The latest Irish Times’ Weekend section was enlivened with a picture of Sally Rooney on the cover – windblown hair, red lipstick and a pensive expression – and a headline inside saying, “I support Palestine Action. If this makes me a “supporter of terror” under UK law, so be it”.
Really you hardly needed to read the piece, in which Sally Rooney declares:
“I feel obliged to state that – like the hundreds of of protesters arrested this weekend – I too support Palestine Action….My books, at least for now, are widely available in bookshops and even supermarkets. In recent years the UK’s state broadcaster has also televised two fine adaptations of my novels and therefore regularly pays me residual fees. I want to be clear that I intend to use these proceeds of my work, as well as my public platform generally, to go on supporting Palestine Action and direct action against genocide…To ensure that the British public is made aware of my position, I would happily publish this statement in a UK newspaper – but that would now be illegal.”
So, at a stroke, Sally Rooney has managed to give an endorsement for Palestine Action which is quoted almost everywhere, to put herself on the side of free speech and to make a fool of the Home Secretary, Yvette Cooper. If it hadn’t been for the Government’s foolish decision to proscribe Palestine Action, the Normal People author would be just one more celeb protesting about the (very grim) situation in Gaza. As it is, she is taunting ministers by inviting the “British state” to investigate WH Smith and the BBC for promoting her work and funding her activities.
Personally I can’t read too little Sally Rooney, and I say this on the basis of having read a page or two of Normal People and listened to a reading of a few episodes of her subsequent novel on the radio. This may be unfair but I tried and failed to read more. Less engrossing narrative I have yet to encounter, though I gather it’s enlivened by bits of filth.
The author herself is plainly intelligent and articulate as well as being that rare beast in contemporary letters, a Marxist, but it’s not enough to make her characters engaging or likeable. She is, I’d say, a symptom of the problem of the contemporary novel in which not a great deal happens to not very fascinating people yet the reader feels obliged to hang on in there anyway on the basis that everyone says it’s really good.
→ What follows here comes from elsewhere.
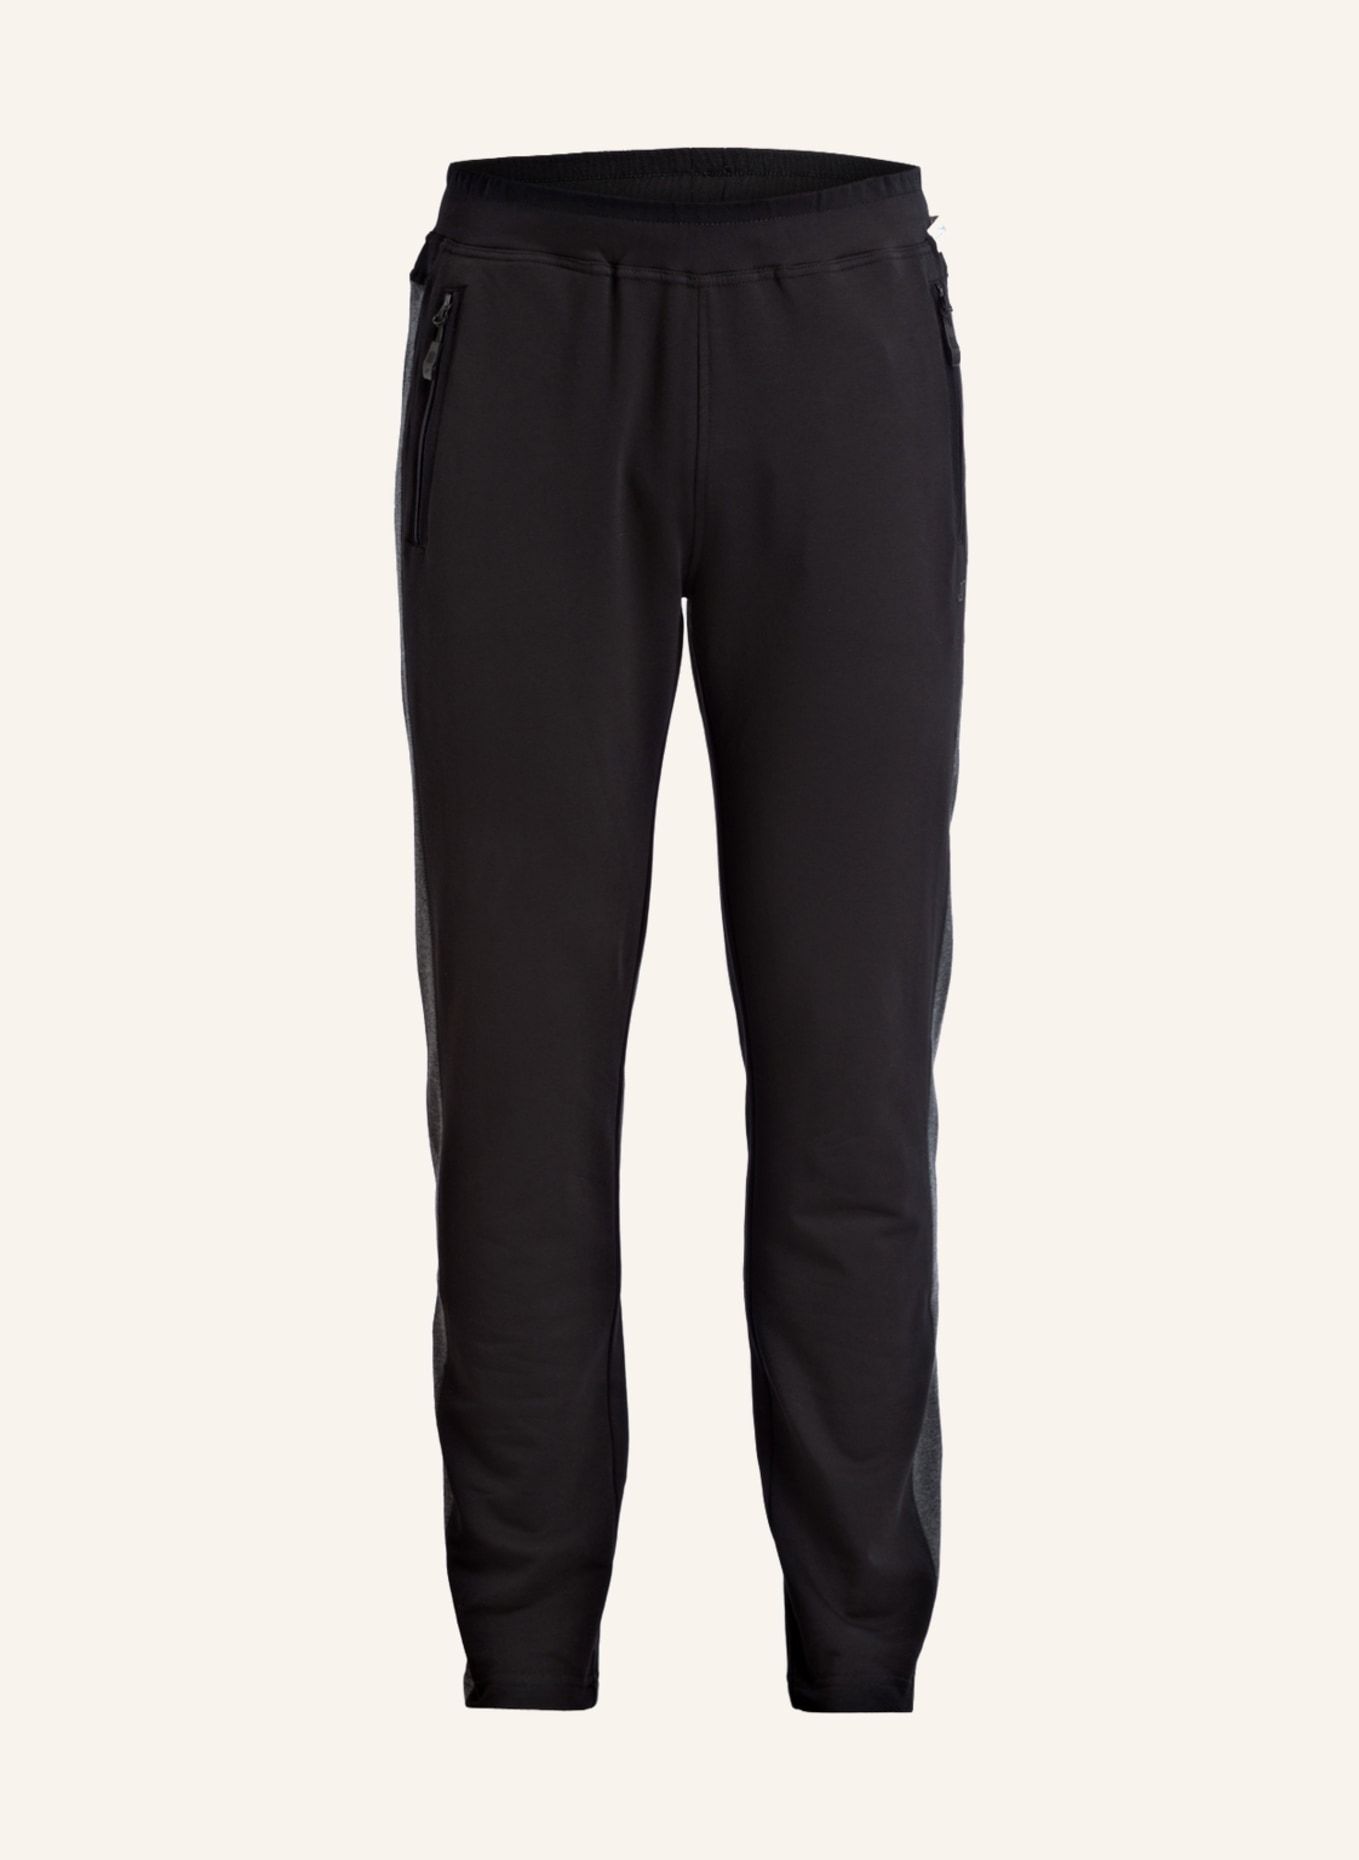 JOY sportswear Sweatpants FERNANDO, Color: BLACK (Image 1)

Still, Sally is a notable member of the contemporary pantheon of celebrated British and Irish authors – I wish that were higher praise – and where she leads, others may follow. How long before other writers and actors of a liberal persuasion similarly defy the Home Secretary to prosecute them for funding a terror group by giving money to Palestine Action?
As it is, activist pensioners are much in demand to be very publicly arrested for carrying placards supporting the organisation – this is on the basis that a criminal record won’t do them much harm at their age. What a waste of police time and court time.
The Campaign for Nuclear Disarmament was forever engaged in disrupting activities but nobody thought of proscribing them
Palestine Action has allegedly engaged in acts of criminal damage, notably when some of its members were charged with spray painting fighter planes at RAF Brize Norton. The notion, however, that it is a terrorist group on a par with the IRA or Islamic State is nonsense. It’s like Just Stop Oil or the other aggressively activist environmental groups which do their best to commit very public acts of damage to publicise the cause. The way to deal with this is to arrest people for criminal damage, not for belonging to the organisation, or for expressing support for it. So if someone chucks a tin of soup at an important painting, spray-paints fighter jets or glues themselves to the motorway, you deal with that through the existing criminal law. Then you hope very much that if convicted, the judge hearing the case will throw the book at them. The Campaign for Nuclear Disarmament was forever engaged in disrupting activities at bases associated with nuclear weapons, but nobody thought of proscribing them – that would have looked like proscribing free protest on the issue of nuclear weapons. Why is this government more trigger happy than Mrs Thatcher’s in the 1980s?
Proscribing Palestine Action – whether you agree with the organisation’s goals or not – was a mistake on the part of a Home Secretary who wants to look tough but simply isn’t: witness her abject failure to stop the migrant boat crossings. And government by gesture is bad politics. Sally Rooney is absolutely entitled to sound off about the dreadful situation in Gaza, but giving her the opportunity to taunt the Government with her financial support for Palestine Action is to give her the unearned gift of publicity.
She is in the very agreeable position of defying the state by making a donation and then sounding off about it in an Irish paper. Are the police meant to arrest her the next time she lands in London? Don’t they have better things to do? It’s time for the Home Secretary to execute that useful and familiar political manoeuvre, the U-turn, and lift the ban on Palestine Action. Then it should monitor its activities like hawks.